Tuesday, August 08, 2006
So, Suzanne over at Double Helix has been allll on my case to write about my Flowerbasket shawl(s). I have to pluralize it, because it's a pattern that I've knit three times over now.
There are two of them in this picture. A corner of mine, and a good view of my daughter wearing the one I made for her. She insists on wearing her shawl "inside out", with the reverse stockinette on the outside. While pretty, I don't think it shows the colors off to their best advantage. There are pictures of all three shawls on my Livejournal picture gallery, if you want to surf over and see them.
So, the stories of the shawls. The first one I made was for a gift for my grandmother in law. I had some beautiful fuzzy re-claimed angora blend yarn that I pulled out of a sweater for Goodwill. I desperately needed a good gift for Um-um one Christmas, and hit on the shawl as an answer. As a first lace pattern ever, it was challenging, but not impossible, especially since it's knit with non-laceweight yarn (a key for me on a first lace project attempt). It came out beautifully, if I may say so, myself. I thought that someday I might make one for myself, but with so many things out there to knit, I don't often re-knit patterns.

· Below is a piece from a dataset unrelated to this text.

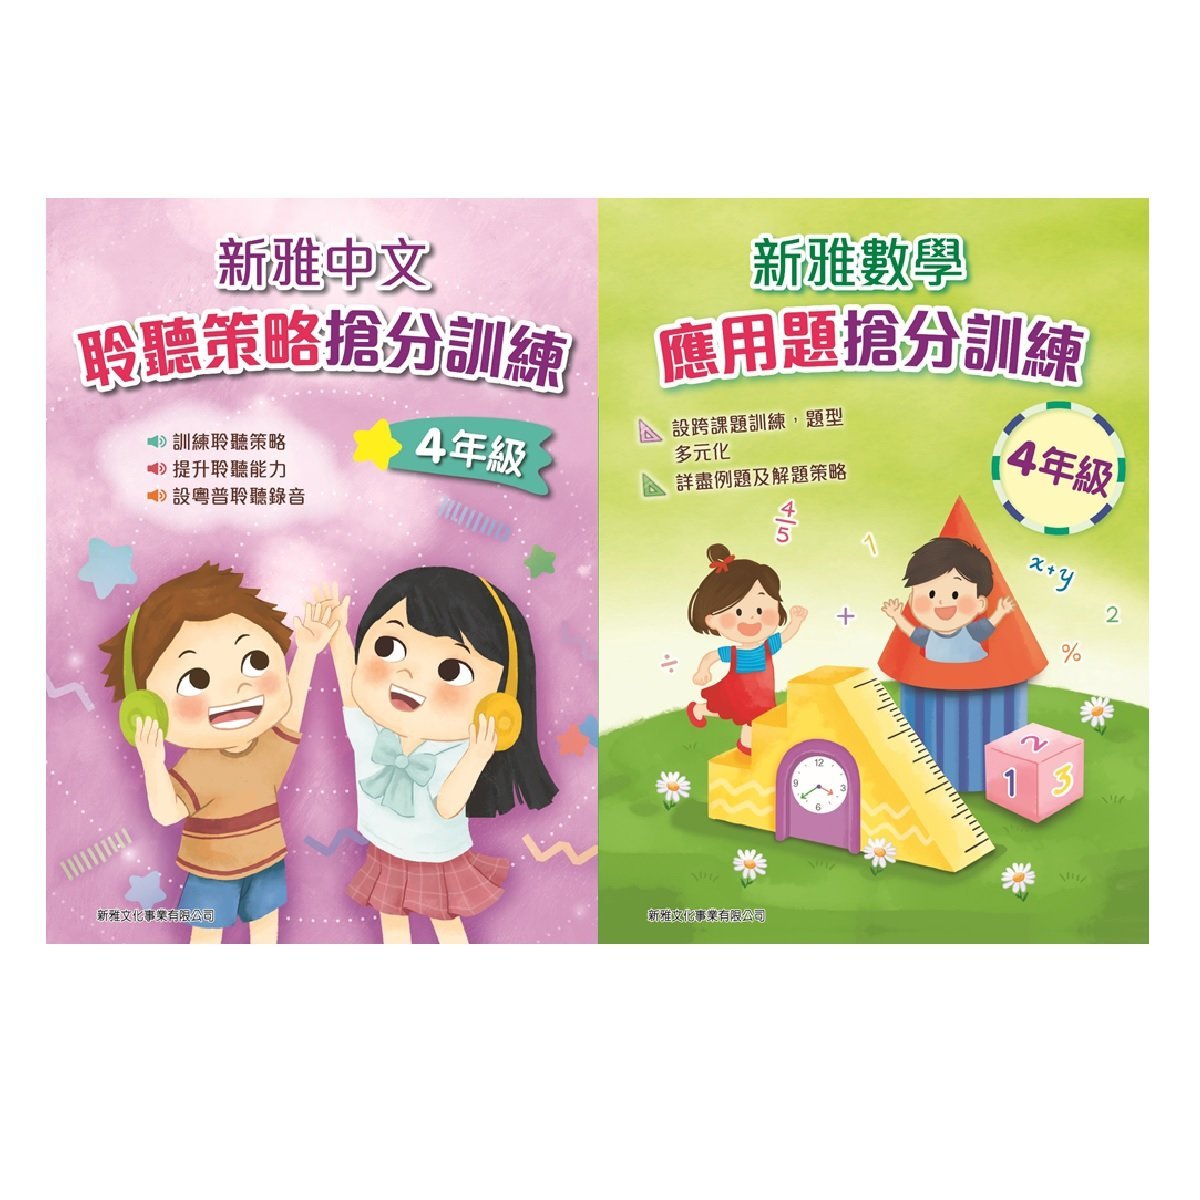 新雅中文聆聽策略搶分訓練、新雅數學應用題搶分訓練 (4年級)  (一套2冊)

But then, last summer, I made plans to go visit my friend Carrie and her husband in Japan. Faced with more than 30 hours of flight and travel time, just to get there and back, I knew I needed a good project. It couldn't be too easy or I'd get bored. It couldn't be too big or too small (either too hard to carry, or I'd risk finishing it on the road). It couldn't be too tiny or too dark, since lighting might be an issue. I'd had this nifty hand-painted silk yarn in my stash for a while, and I decided that a lace shawl was just the thing for the yarn, and for the trip.
My goal was to try and start and finish the shawl on the trip, and if I'd not decided to add extra repeats at the end, I'd likely have done it. This shawl went to Tokyo, went to the Izu Peninsula, went to Mt. Fuji, went to the Tokyo Stitch and Bitch. It saw endless trains and busses and lockers as we roamed around Japan with no car. It even survived customs at LAX, which is something that I nearly didn't manage. LAX sucks rocks.
When I came home and blocked out the shawl, my daughter made her customaty request, whenever I knit anything. Momma, could you make one for me? I had a LOT of yarn left over. In fact, even after making her shawl, I have a lot of yarn left over - the incredible non-shrinking ball of yarn. I was feeling generous, and agreed to make one for her too. She loves it, and often asks to wear it with entirely inappropriate outfits. Best review I could ask for.
I find mine is just not quite the right size. Too small to be a proper shawl, too big to be worn like a scarf. I love it, though, and wear it anyway. Who cares if it looks a little silly?
So, that's the story of the flowerbasket shawl(s).